Despite the rivalry, the binary battle is losing clarity. Explicit statements from XPeng that VLA and World Models are not mutually exclusive, and to cross-integration examples across companies: XPeng reportedly trains with both VLA and World Models; Li Auto has added prediction mechanisms into its VLA approach; and Xiaomi’s OneVL claims to unify VLA, World Models, and latent-space reasoning under one framework.
Meanwhile, the strategic landscape is widening beyond driving. The embodied intelligence and humanoid robot sector is drawing near-universal attention, with nearly 20 automakers—BYD, XPeng, GAC, Chery, Changan, Li Auto, SAIC and overseas players including Tesla, BMW, Hyundai, and Mercedes-Benz—reported to be investing, incubating, or self-developing.

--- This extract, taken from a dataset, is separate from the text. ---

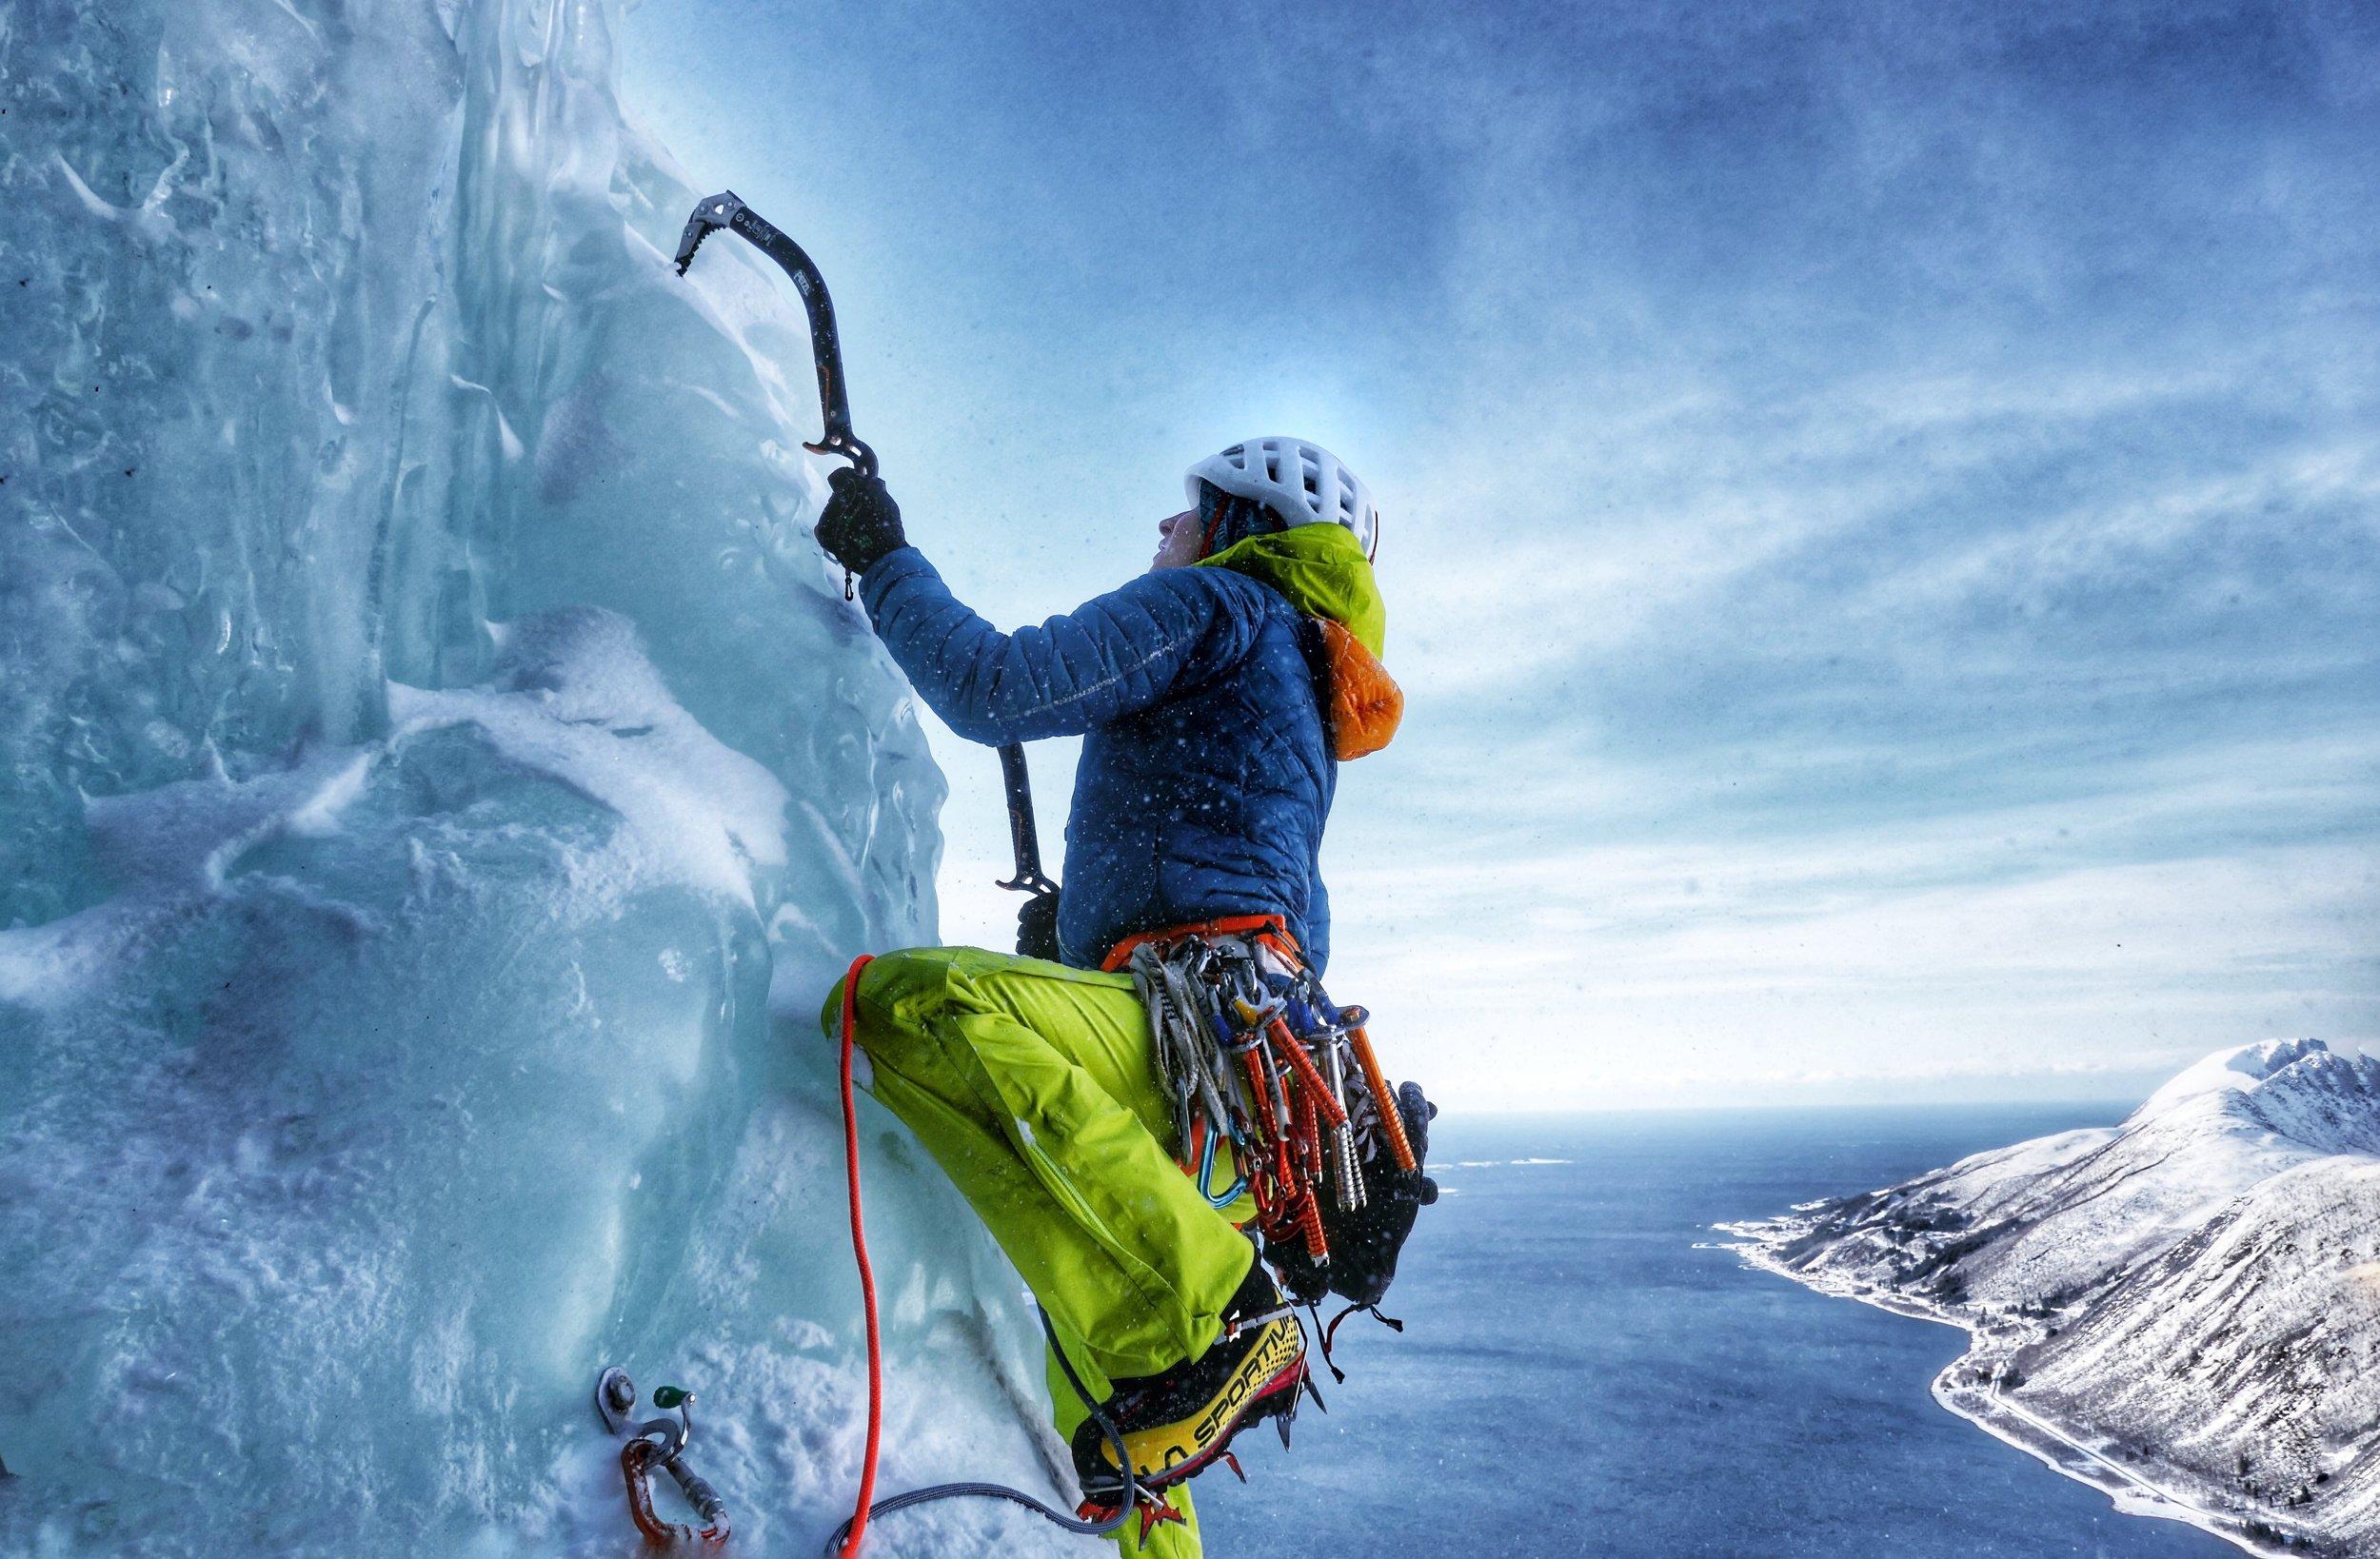 Tanja Schmitt high above the sea during the ascent of 'Finnkona' on Senja Island - picture Matthias Scherer

The financial logic is straightforward: with intense competition and price wars, automakers need new growth points. And the robot market narrative is attractive. IDC forecasts that China’s embodied intelligent robot user spending could grow from about $1.4 billion in 2025 to $77 billion by 2030, with extremely rapid growth rates.
The enabling argument is reuse: perception hardware, decision algorithms, and execution control can translate from automotive contexts into robotics. Data and scenario advantages may be harder to replicate elsewhere—automakers already generate large-scale real-world interaction data and have factories and public service channels that can become robot deployment environments.